Pantauan di lapangan menunjukkan warga berbondong-bondong mendatangi SPBU, Pom Mini, hingga pengecer di toko kelontong untuk mendapatkan stok bensin. Kondisi ini membuat ketersediaan BBM di tingkat pengecer habis dalam waktu singkat.
Harga Eceran Meroket, Stok Ludes
Arif, warga Desa Batu Putih, menuturkan bahwa di wilayahnya warga rela membeli bensin jenis Pertalite dengan harga Rp15.000 per liter. Padahal, sebelumnya harga di tingkat pengecer berada di kisaran Rp13.000.
“Tetangga-tetangga semua beli dalam jumlah banyak, ada yang sampai 5 liter per orang. Saya sendiri tadi cuma kebagian 3 liter karena stok di toko langsung habis,” ujar Arif saat diwawancarai pada Selasa (31/3).
Kondisi serupa terjadi di Desa Kolo-Kolo, Kecamatan Arjasa. Hampir seluruh pemilik kendaraan bermotor berebut membeli bensin eceran untuk dijadikan cadangan. Hurry, salah satu warga setempat, mengaku sempat kesulitan mencari bensin karena mayoritas toko kelontong sudah kehabisan stok.

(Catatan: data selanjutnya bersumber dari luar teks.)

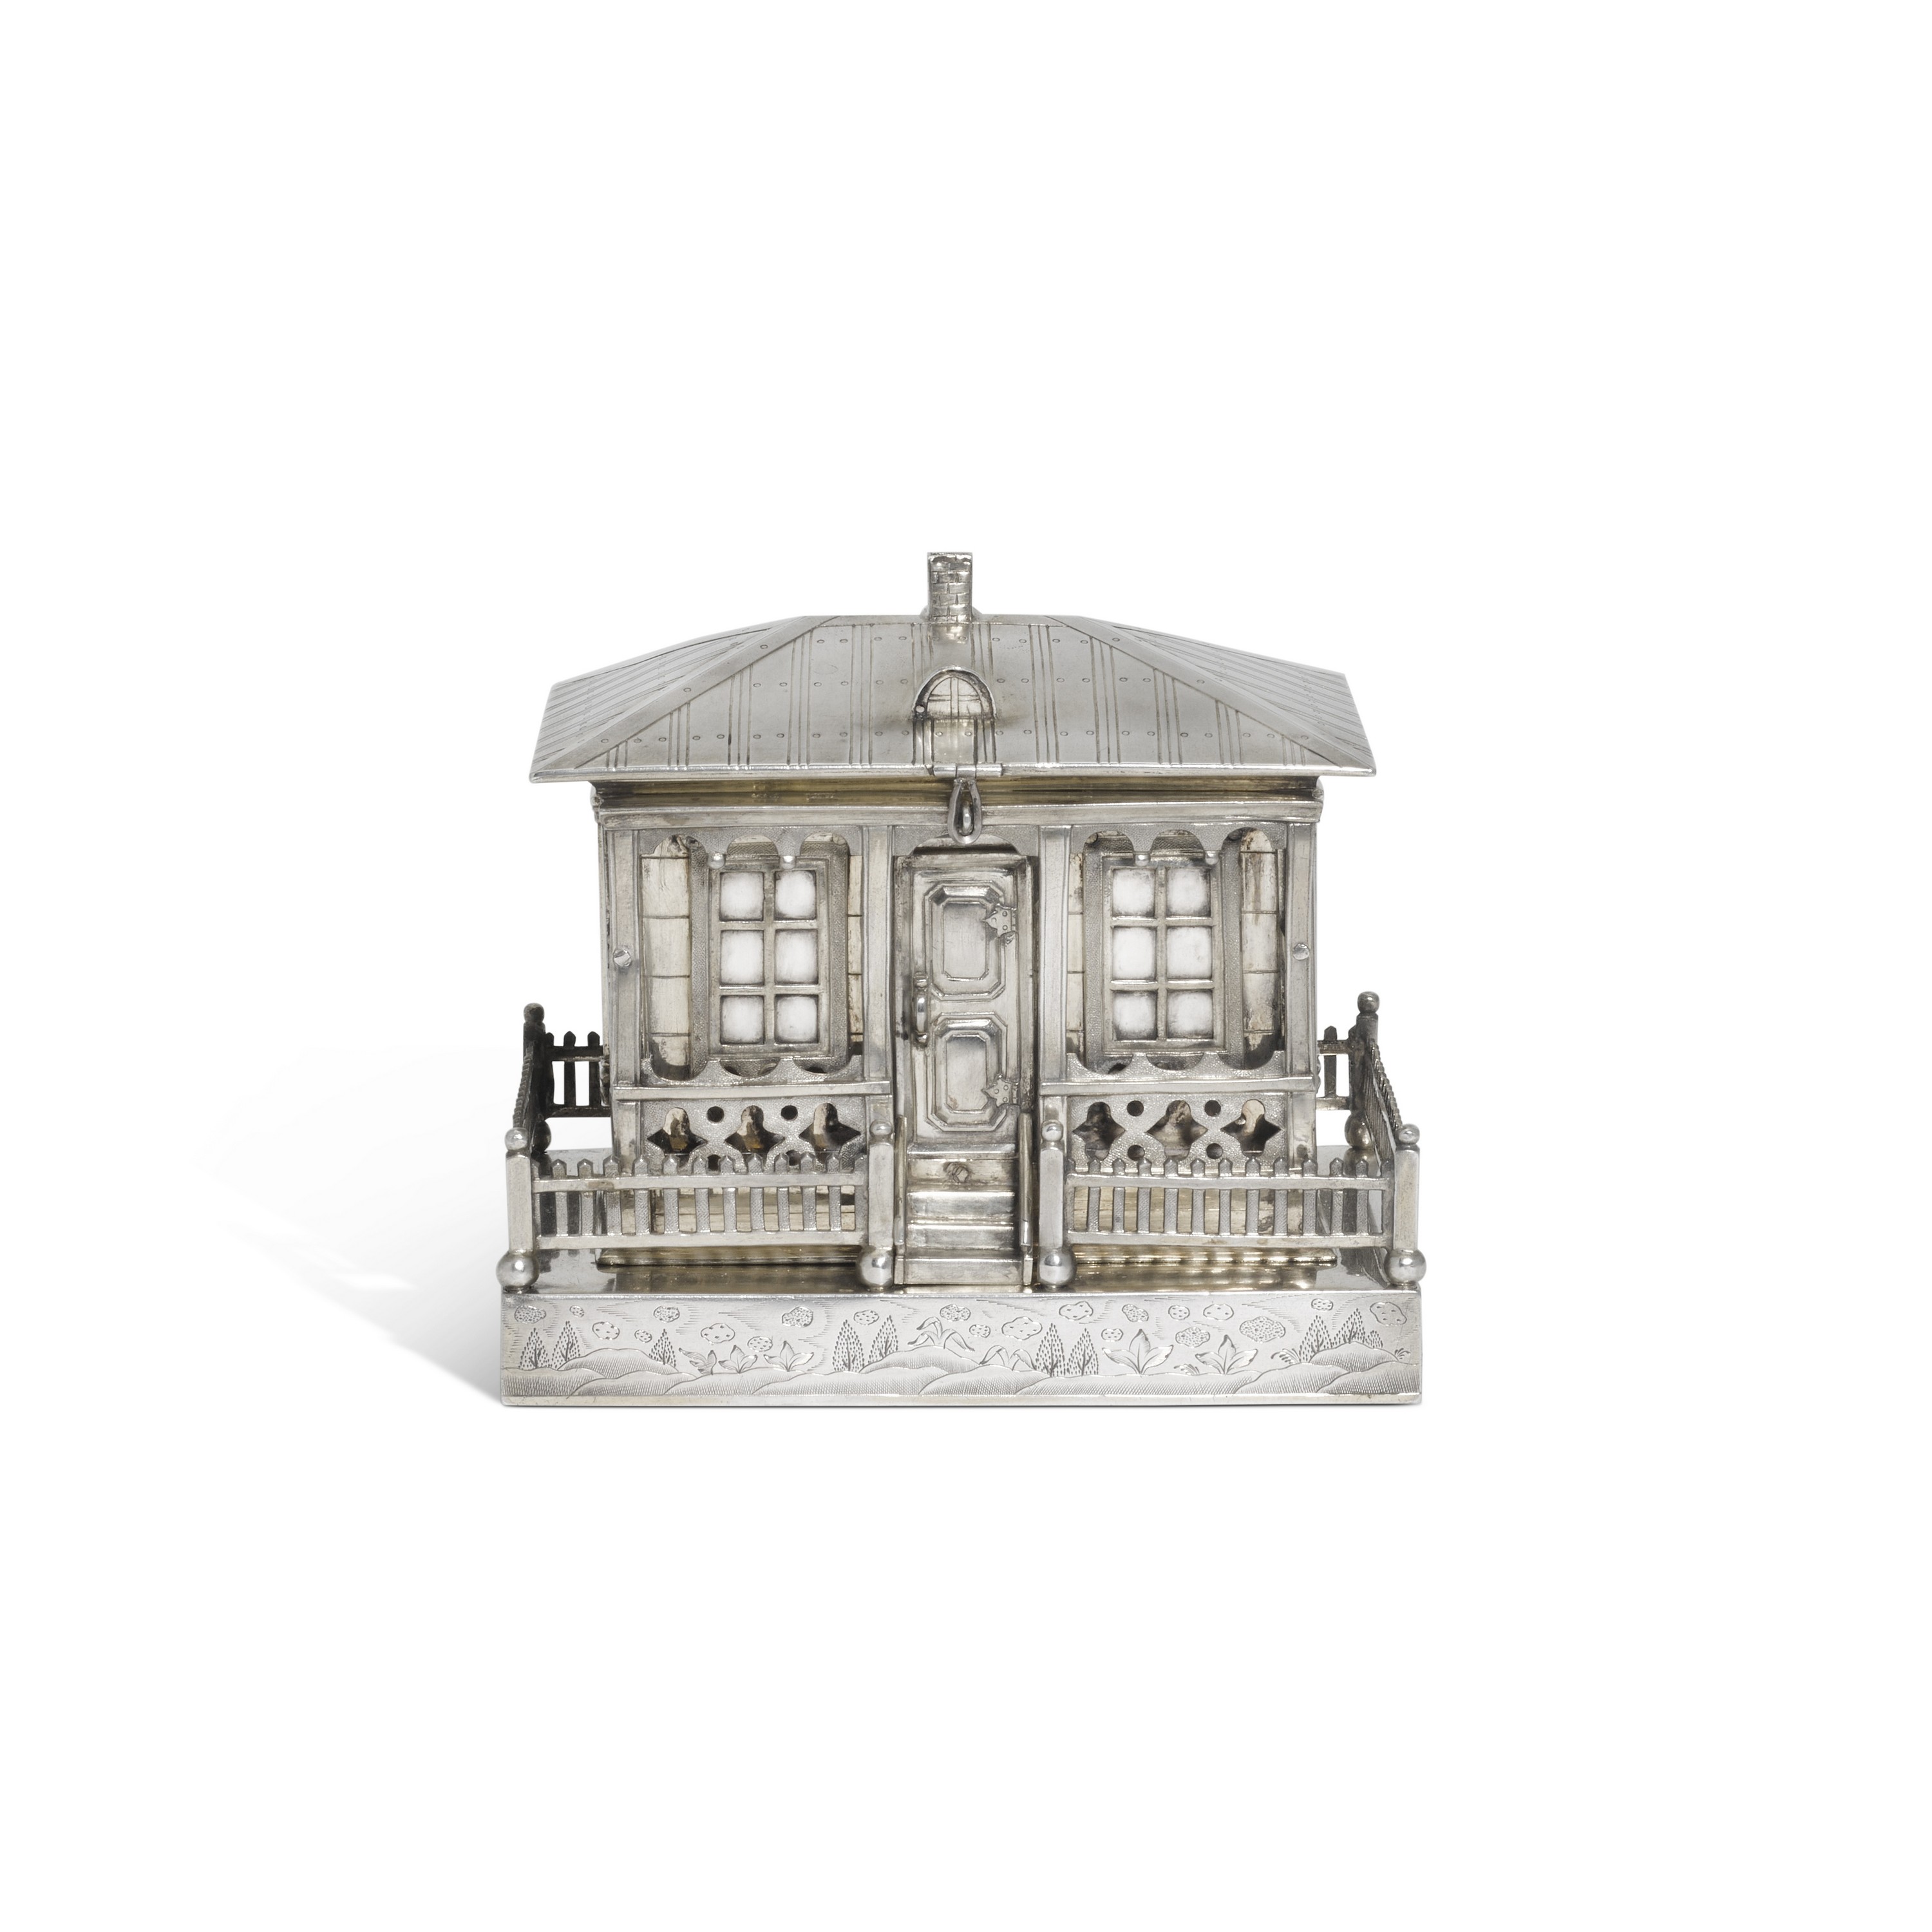 A silver trompe l'oeil box modelled as a house, Andrei Wekman, Moscow, 1869 - Image 3 of 5

“Saya sempat keliling, hampir semua toko kosong diborong warga. Akhirnya dapat di satu toko yang tersisa 4 liter. Dua liter langsung saya isi ke motor, sisanya untuk stok di rumah,” jelas Hurry.
Pemkab Sumenep: Informasi Kenaikan BBM Adalah Isu
Menanggapi situasi tersebut, Pemerintah Kabupaten (Pemkab) Sumenep melalui Kepala Bagian Perekonomian dan Sumber Daya Alam (SDA) Sekretariat Daerah, Dadang Dedi Iskandar, menegaskan bahwa hingga saat ini belum ada kebijakan resmi mengenai kenaikan harga BBM bersubsidi.

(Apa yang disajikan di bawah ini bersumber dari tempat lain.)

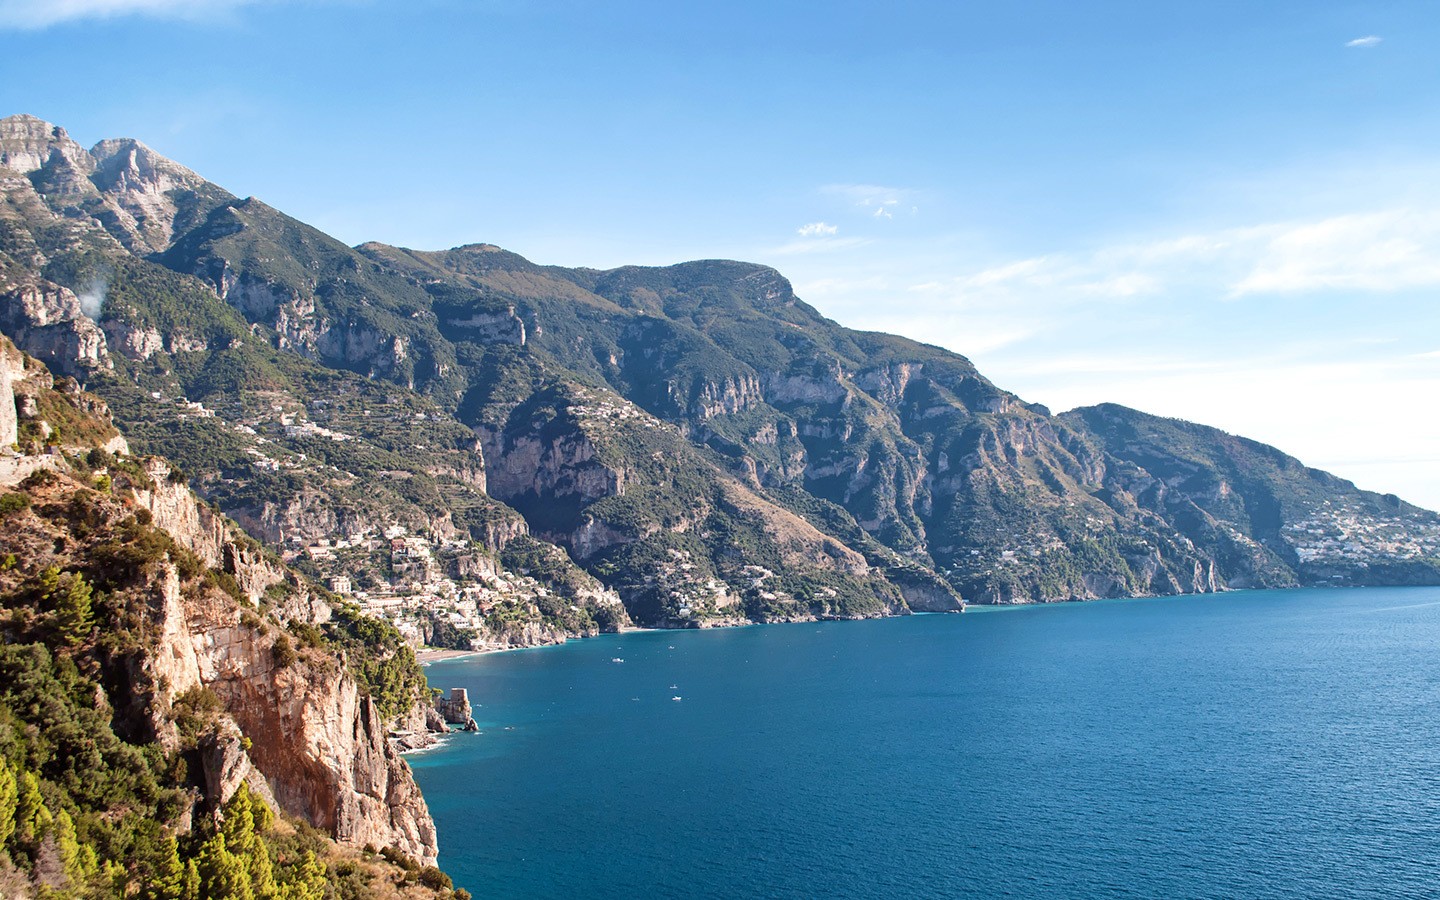 Views down the Amalfi Coast from the SS163 highway

“Sampai hari ini, kami belum menerima informasi atau instruksi resmi terkait kenaikan harga BBM bersubsidi. Kami pastikan informasi yang beredar itu hanya isu,” tegas Dadang pada Selasa (31/3).

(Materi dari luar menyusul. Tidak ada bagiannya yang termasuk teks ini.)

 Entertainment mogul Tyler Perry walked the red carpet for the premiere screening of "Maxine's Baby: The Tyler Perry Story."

Dadang mengimbau agar masyarakat Kepulauan Kangean tetap tenang dan tidak terpengaruh oleh provokasi di media sosial. Ia menjamin bahwa distribusi BBM untuk wilayah Kabupaten Sumenep, termasuk wilayah kepulauan, sejauh ini berjalan normal tanpa kendala.
“Distribusi tetap lancar. Bahkan besok dijadwalkan akan ada tambahan pengiriman stok BBM khusus ke wilayah Kangean. Kami harap warga tidak perlu melakukan panic buying karena stok dipastikan aman,” pungkasnya.